### Available data

========================================

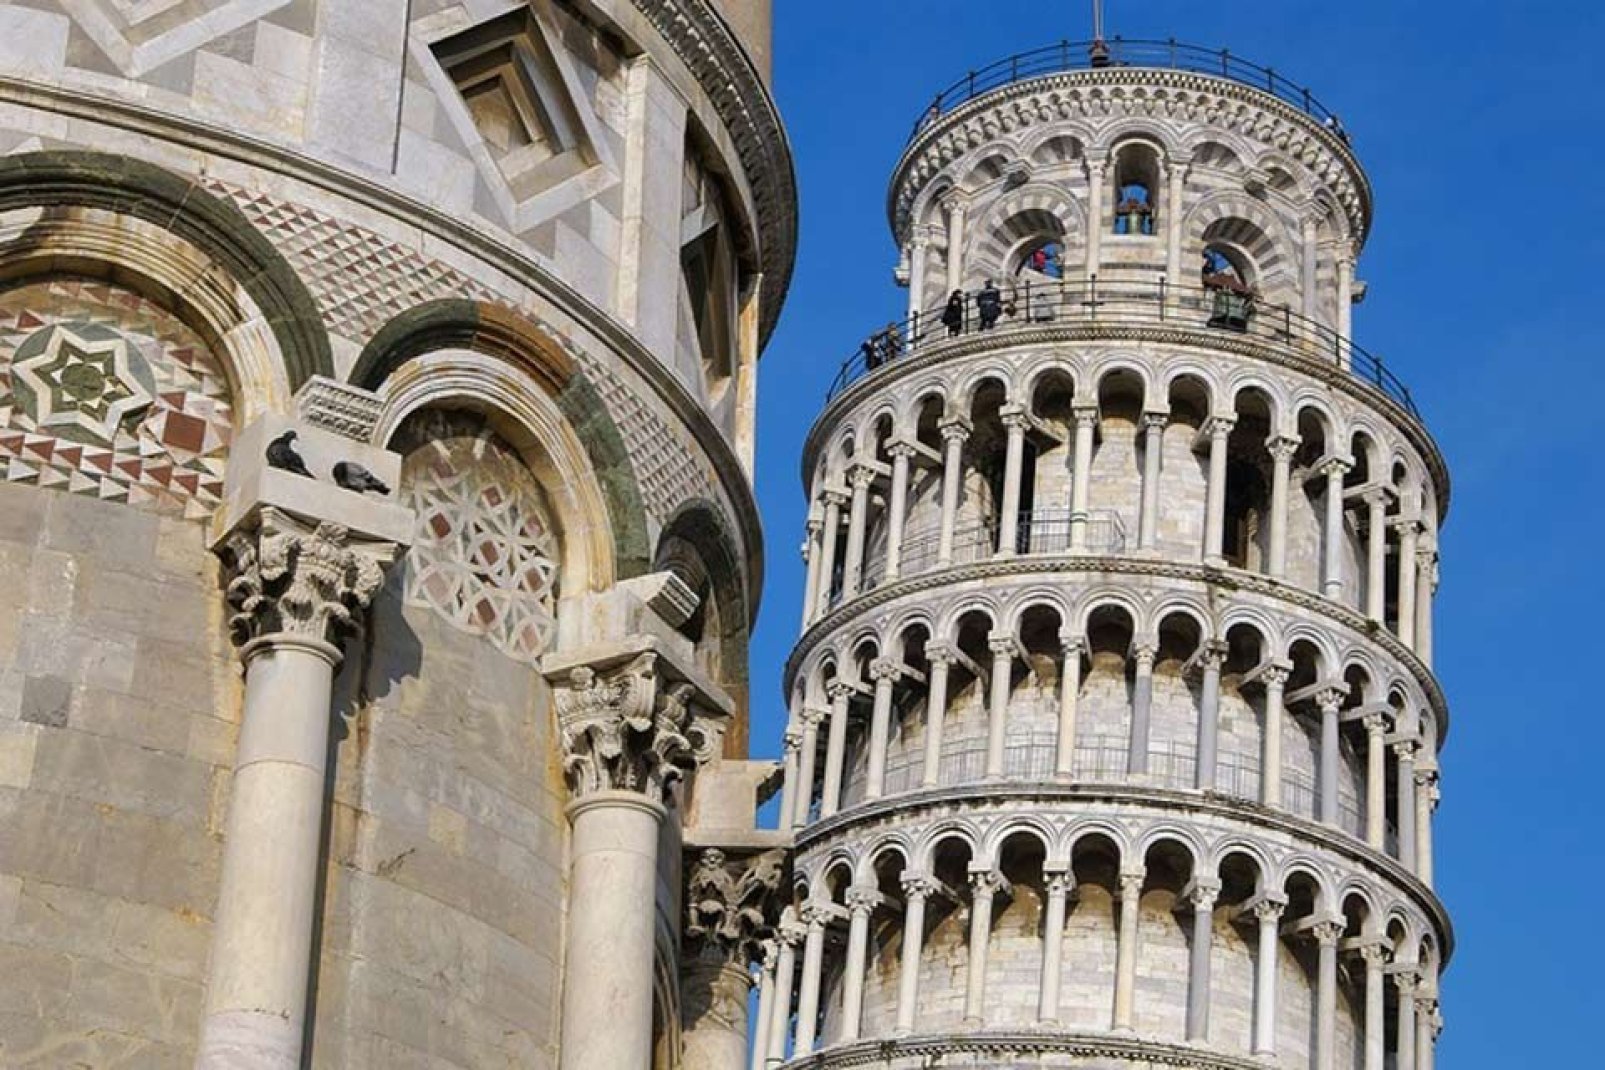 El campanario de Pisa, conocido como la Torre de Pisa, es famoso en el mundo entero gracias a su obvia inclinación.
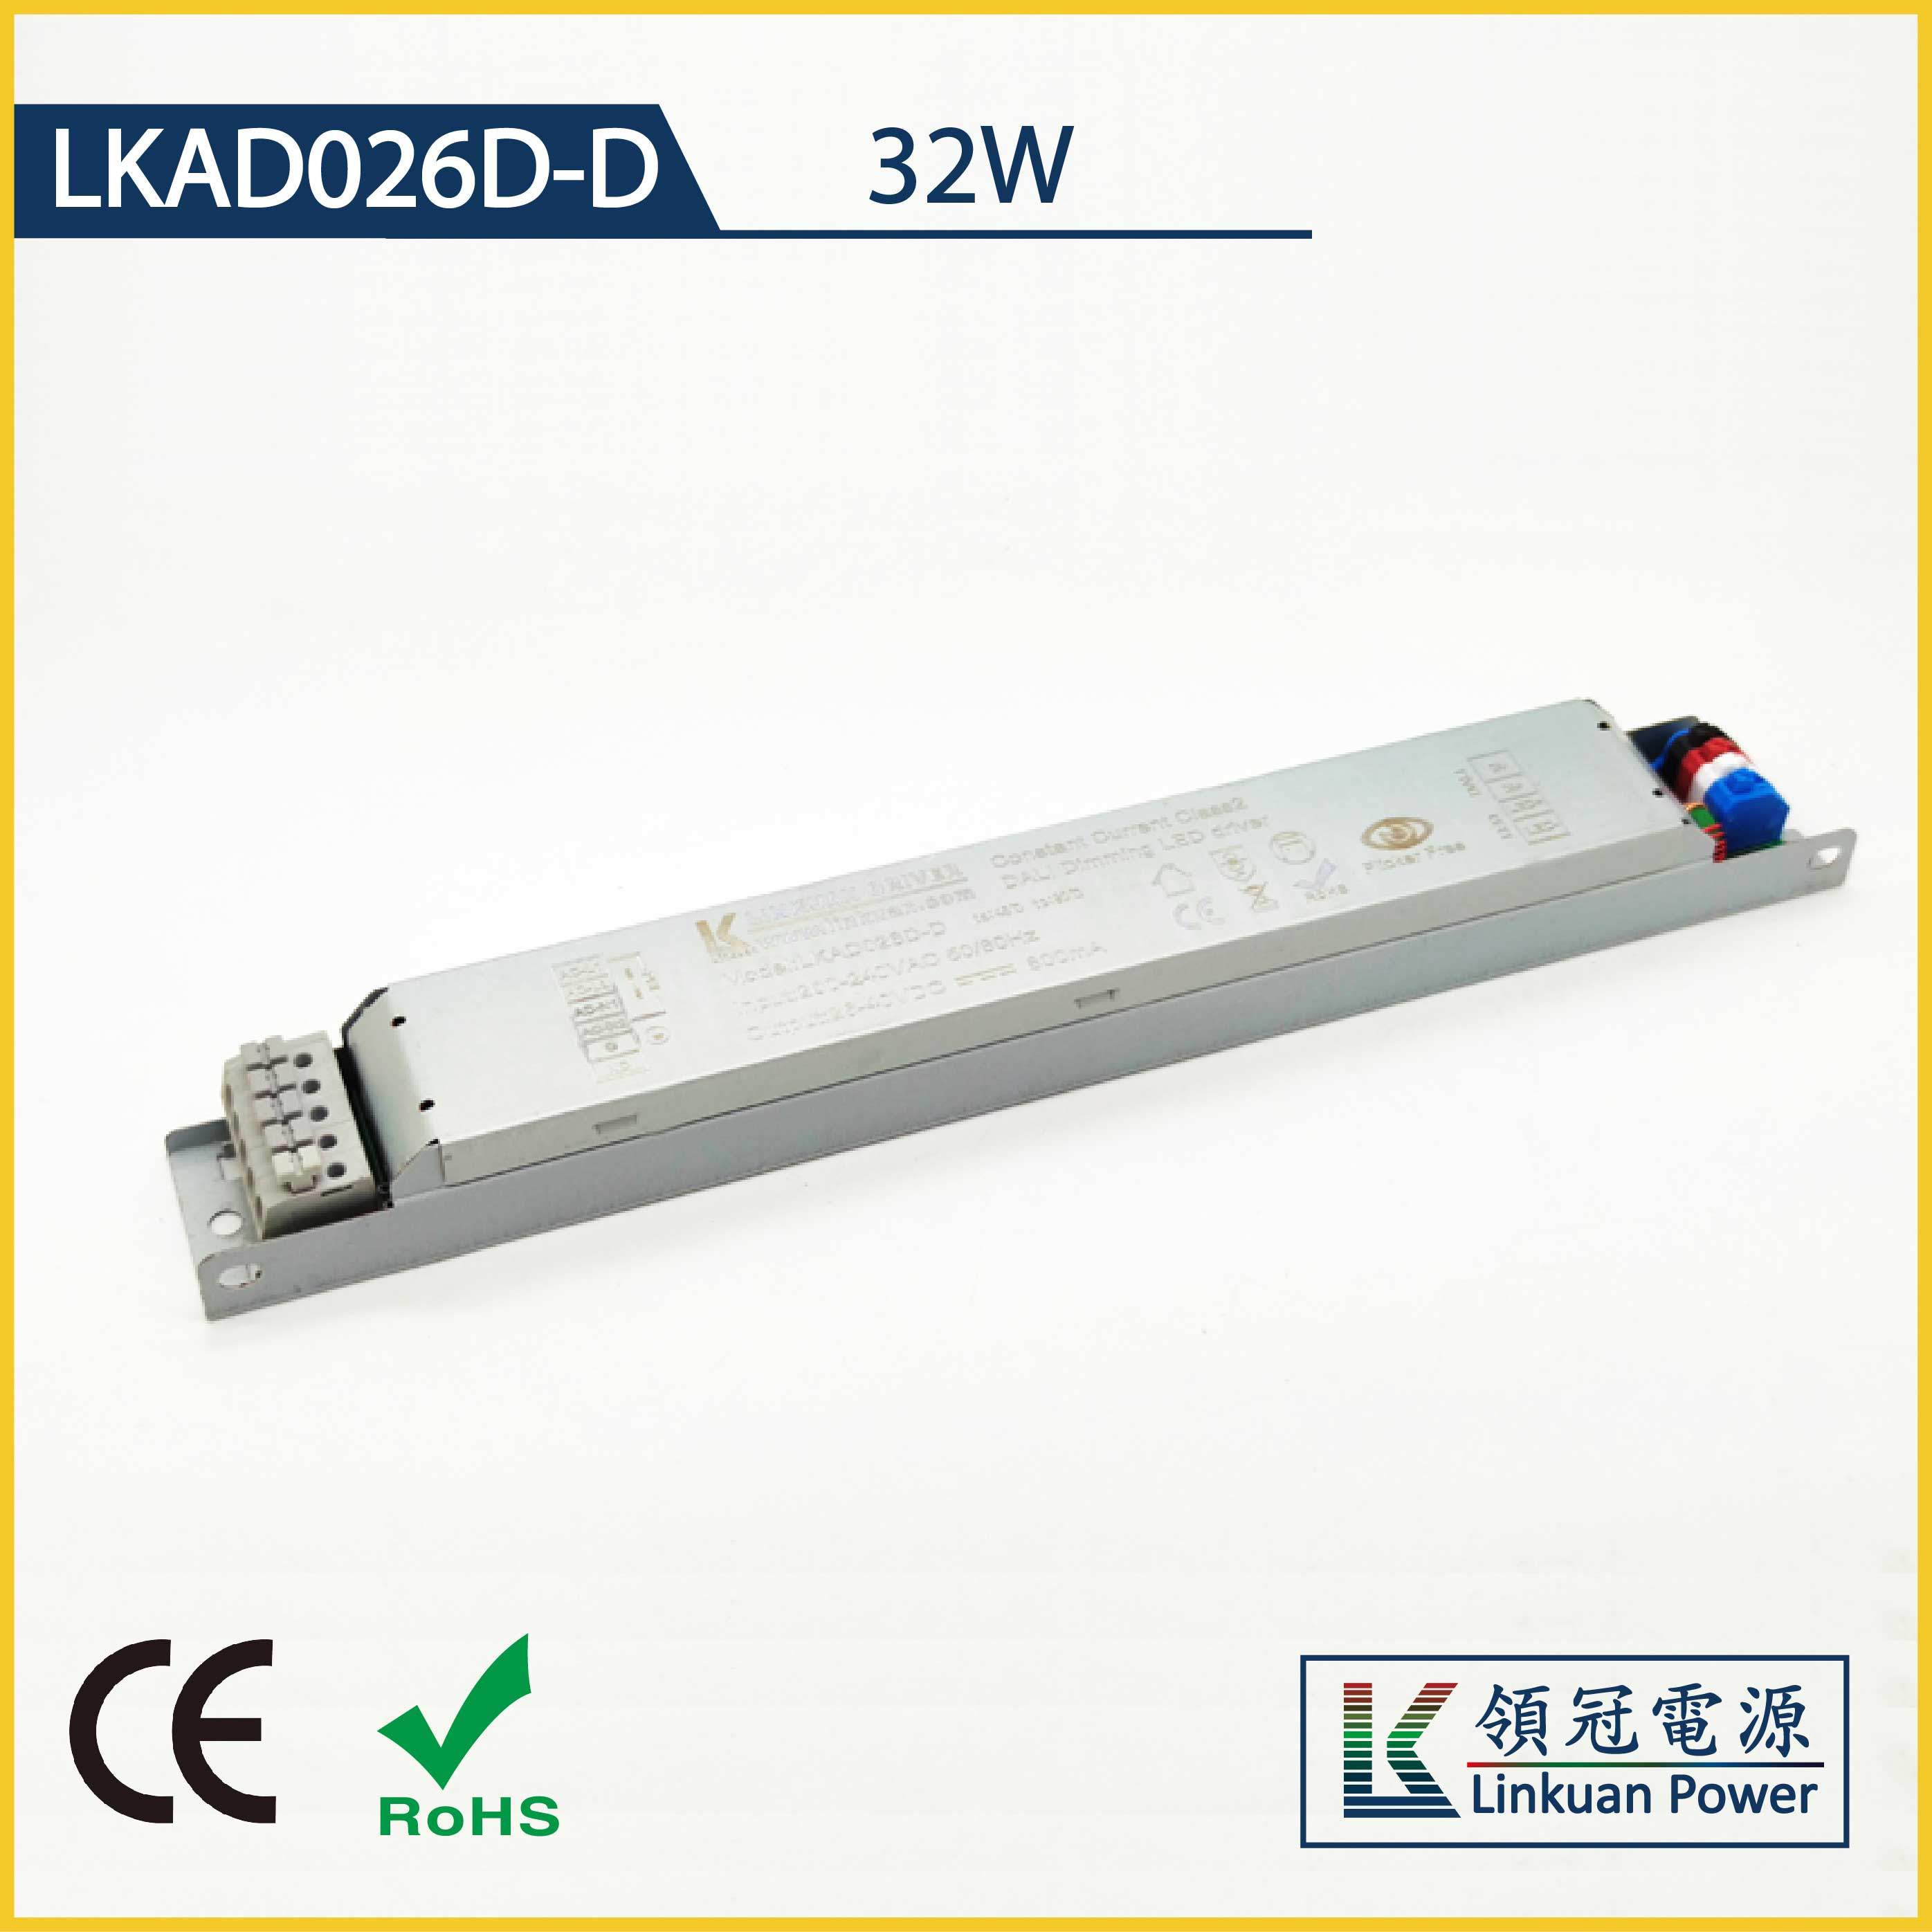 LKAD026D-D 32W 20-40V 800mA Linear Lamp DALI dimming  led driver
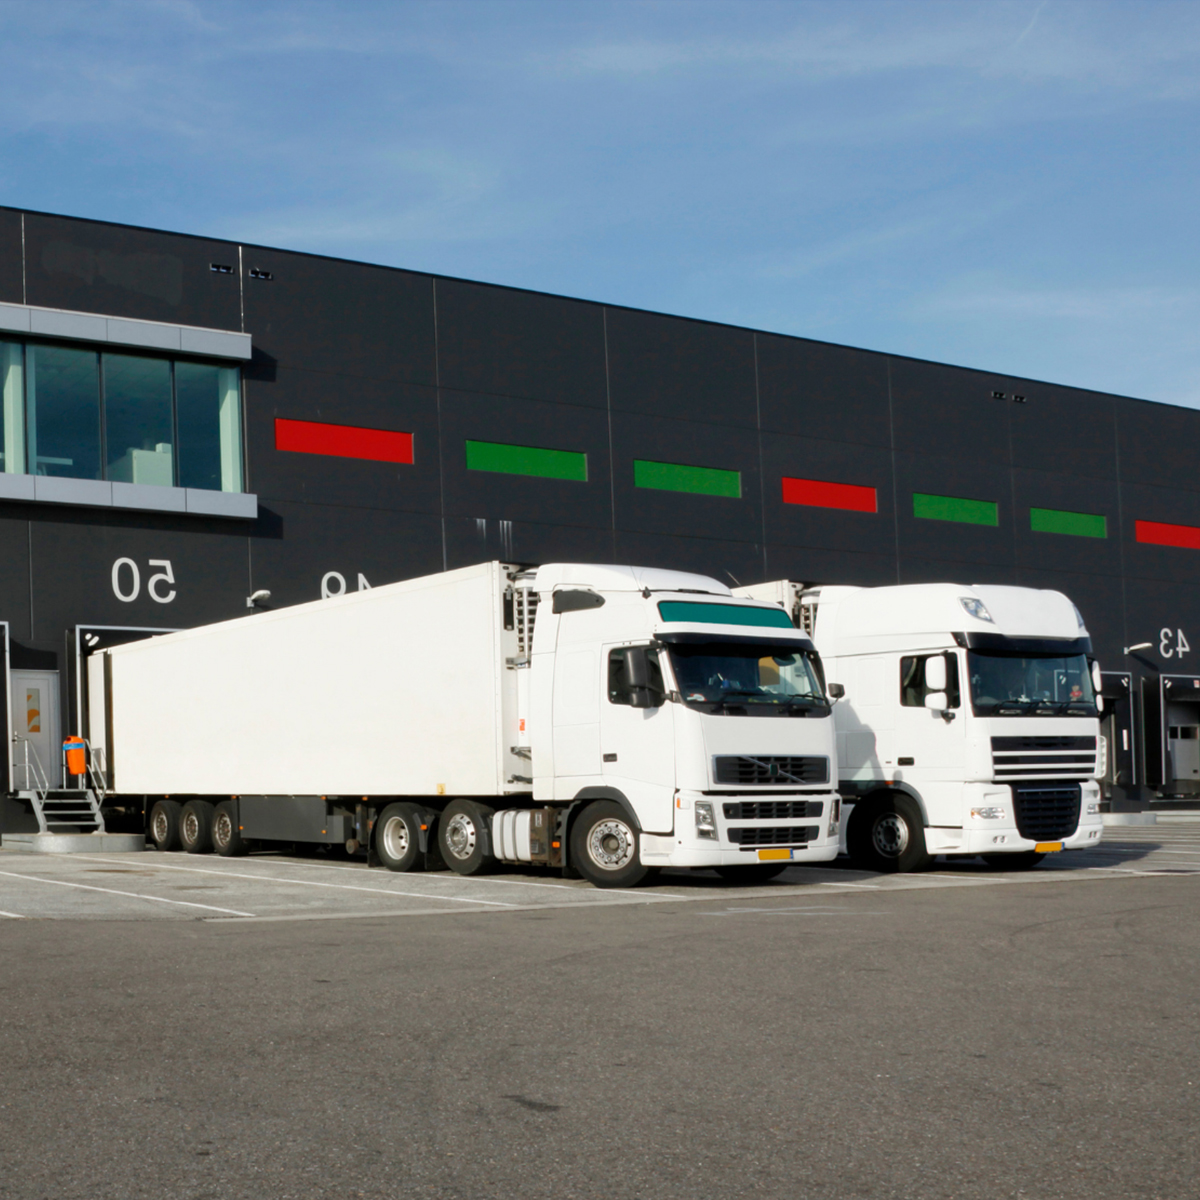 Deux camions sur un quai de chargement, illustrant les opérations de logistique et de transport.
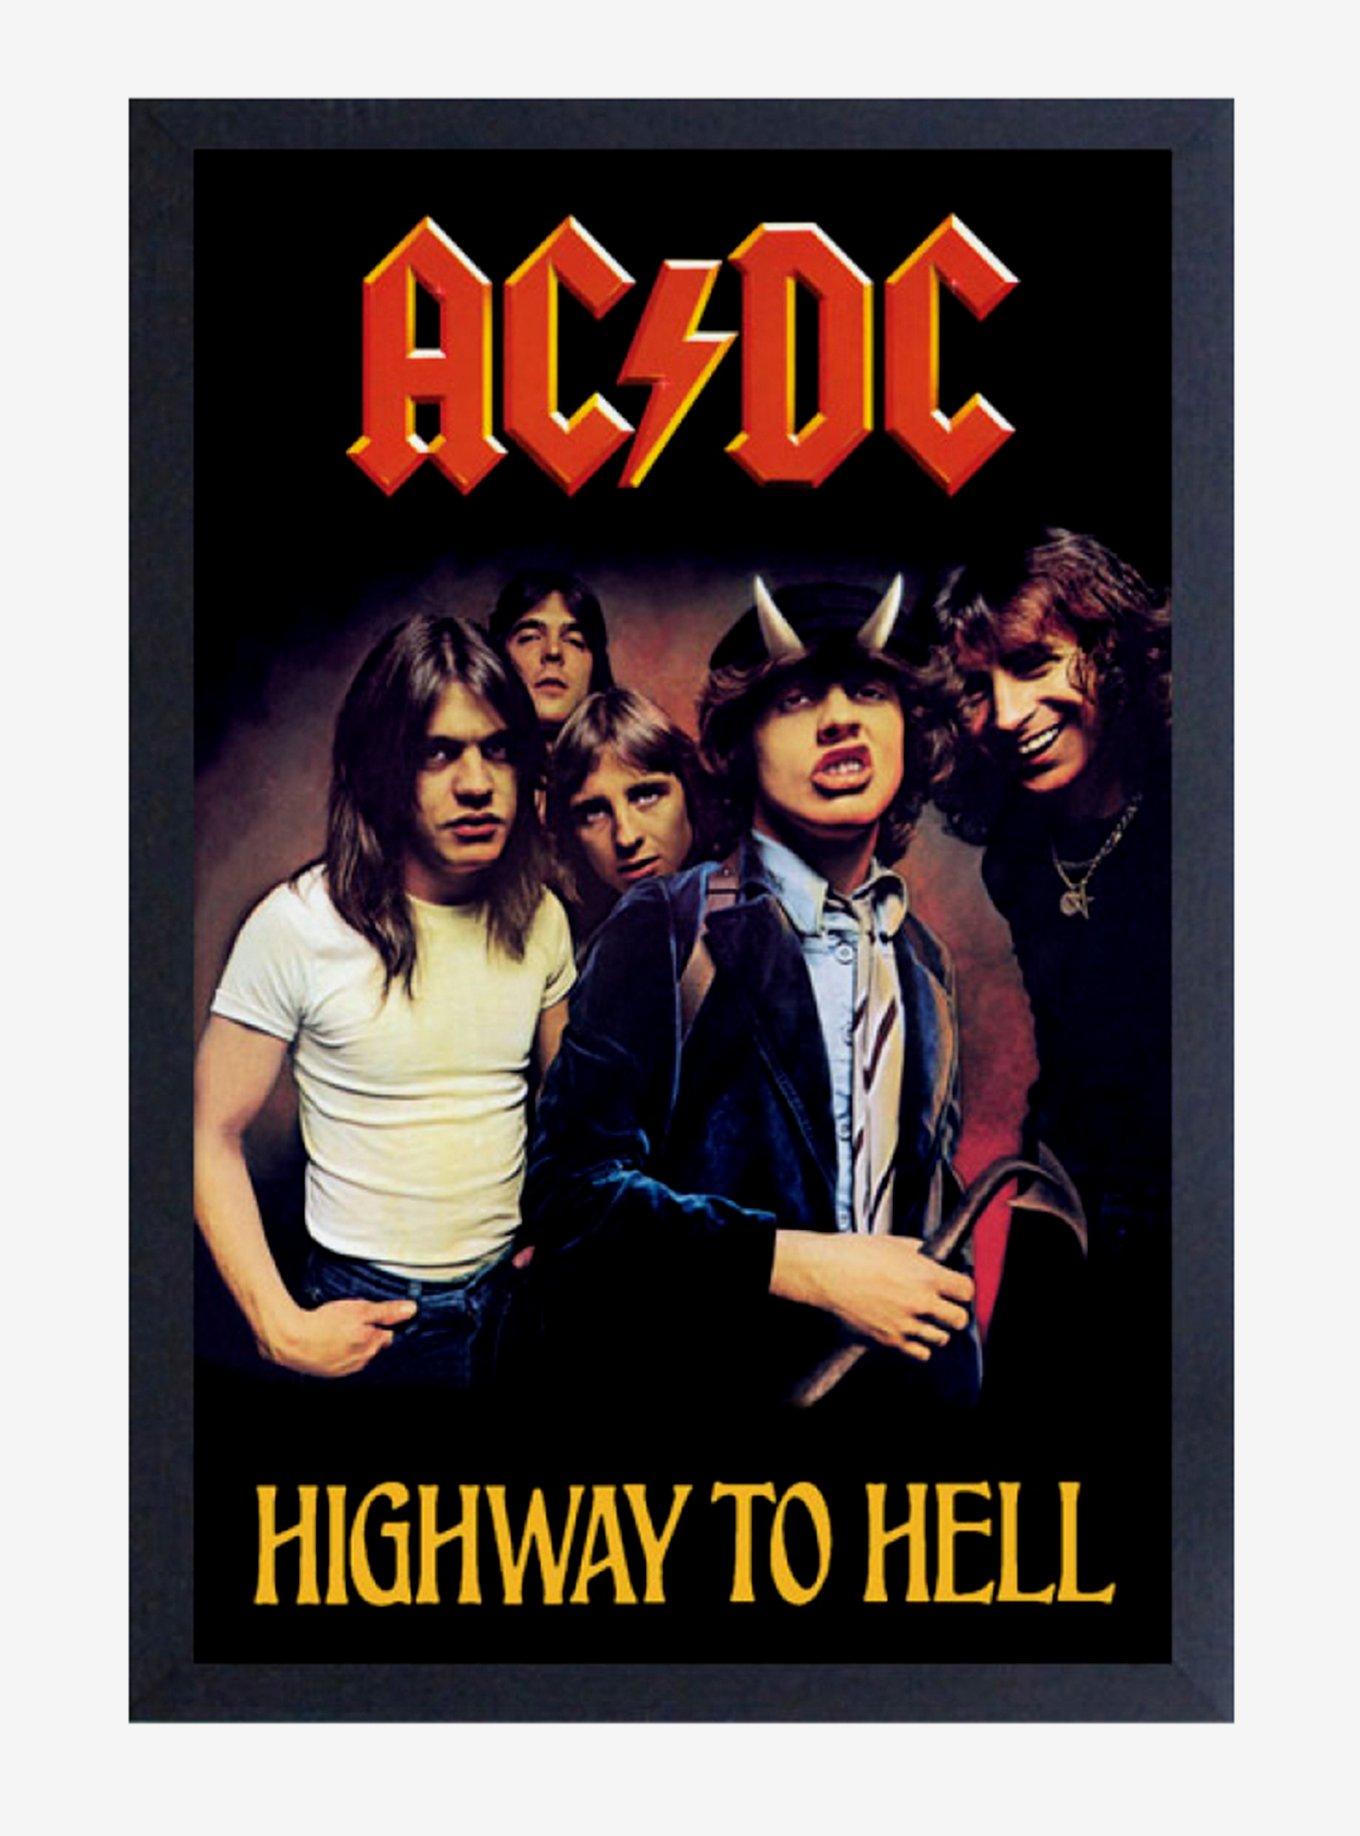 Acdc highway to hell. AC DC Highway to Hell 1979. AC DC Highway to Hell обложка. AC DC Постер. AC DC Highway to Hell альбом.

========================================

### Required work
Retype the listing above exactly, please. Pictures do not belong in the copy.

### Solution for this problem
 El campanario de Pisa, conocido como la Torre de Pisa, es famoso en el mundo entero gracias a su obvia inclinación.
 LKAD026D-D 32W 20-40V 800mA Linear Lamp DALI dimming  led driver
 Deux camions sur un quai de chargement, illustrant les opérations de logistique et de transport.
 Acdc highway to hell. AC DC Highway to Hell 1979. AC DC Highway to Hell обложка. AC DC Постер. AC DC Highway to Hell альбом.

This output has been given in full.